Le divorce de ses parents marque une première rupture que l’enfant surmonte en se plongeant dans des livres de Jules Verne, de Rudyard Kipling, des bandes dessinées et des livres sur la mythologie. L’adolescence de la jeune fille est plus compliquée. Rêveuse et volontiers réfractaire, elle a du mal à se plier à la discipline de fer du pensionnait catholique où elle a été admise et se fait régulièrement tancer par la religieuse à la tête de l’établissement. « Chassagne, m’a-t-elle dit, si vous continuez, vous finirez sur les planches!’ Comme si c’était l’enfer… Je n’ai pas pu résister: ‘Mais je l’espère bien, ma mère !' », racontait-elle à L’Express en janvier 2017. La jeune fille a, en effet, trouvé sa voie: elle sera comédienne.

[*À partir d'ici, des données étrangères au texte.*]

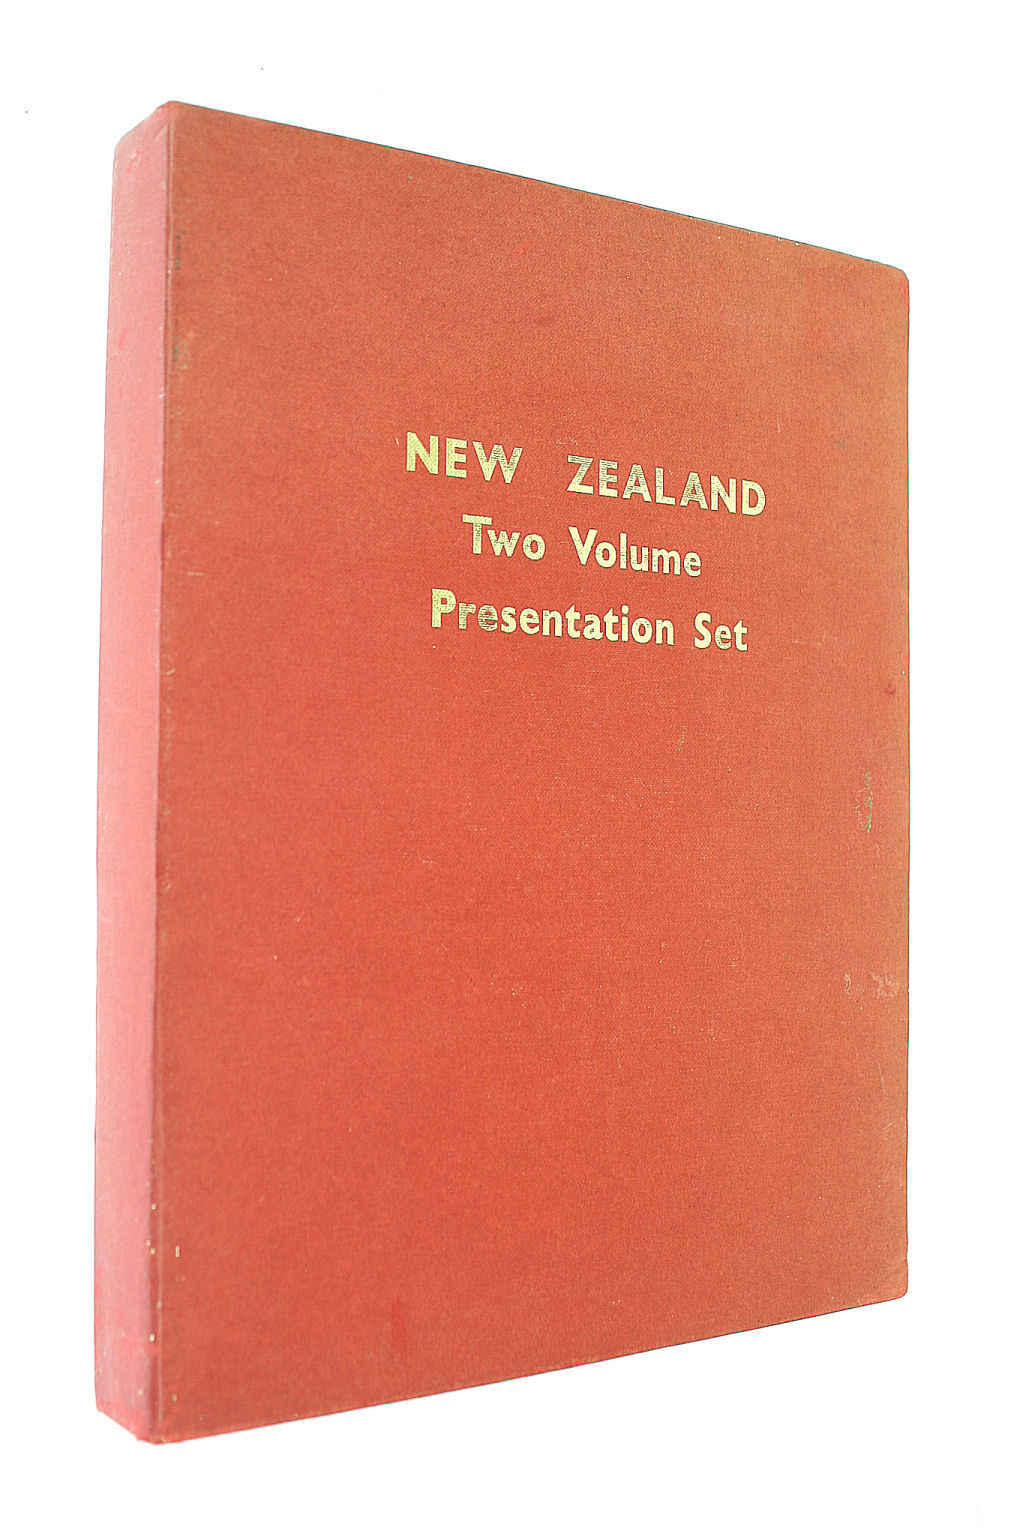 PASCOE, JOHN AND JAMES K BAXTER - New Zealand in Colour (TWO VOLUME PRESENTATION SET IN SLIPCASE)

« J’adore faire rire. Pas pour attirer l’attention, mais pour le plaisir d’avoir les autres avec moi, d’être aimée par le rire », confiait-elle toujours à l’Express en ajoutant que son père lui répétait pourtant régulièrement: « Jamais tu ne seras actrice ! « . En 1938, le destin vient frapper à sa porte. Christian Stengel s’apprête à réaliser un film avec Charles Trenet. Convaincue par le talent de sa filleule, le parrain de Micheline décide de parler d’elle au réalisateur qui accepte de lui donner sa chance en tant que figurante dans le film Je Chante. La jeune fille est aux anges. « C’était merveilleux, j’allais tous les jours au tournage en dehors de Paris… Les vacances idéales », expliquait-elle toujours dans l’Express. Sa carrière est lancée.
Le diable au corps : la révélation
Elle joue son premier vrai rôle dans un film de Georg Pabst intitulé Jeunes Filles en Détresse mais doit se trouver un pseudonyme rapidement car son père refuse que son nom soit associé à celui d’une saltimbanque. La jeune Micheline a alors l’idée d’adopter le nom du personnage d’André Luguet dans le film et devient Micheline Presle.
Elle joue ensuite dans Paradis Perdu d’Abel Gance, un film qui la propulse au rang de star sous l’Occupation.
« J’ai vécu cette période en faisant tout pour oublier la présence de l’occupant. Avec mes proches, mes amis, nous vivions en autarcie », expliquait l’actrice à L’Express.Après s’être réfugiée à Cannes, elle revient à Paris car elle doit travailler pour subvenir à ses besoins mais aussi entretenir sa mère et son frère.
Elle joue dans La Nuit Fantastique, de Marcel L’Herbier et Félicie Nanteuil, de Marc Allégret. L’après-guerre est une période beaucoup plus légère: elle se fiance avec l’acteur Louis Jourdan avant de rompre et se voit confier des rôles de premier plan dans Falbalas et Boule de Suif.
Elle se marie avec Michel Lefort en 1945 et impose Gérard Philippe dans le film Le Diable au Corps. Si leur couple fait scandale dans le film, il marque la consécration pour Micheline Presle que les réalisateurs comme Henri-Georges Clouzot ou Max Ophuls s’arrachent.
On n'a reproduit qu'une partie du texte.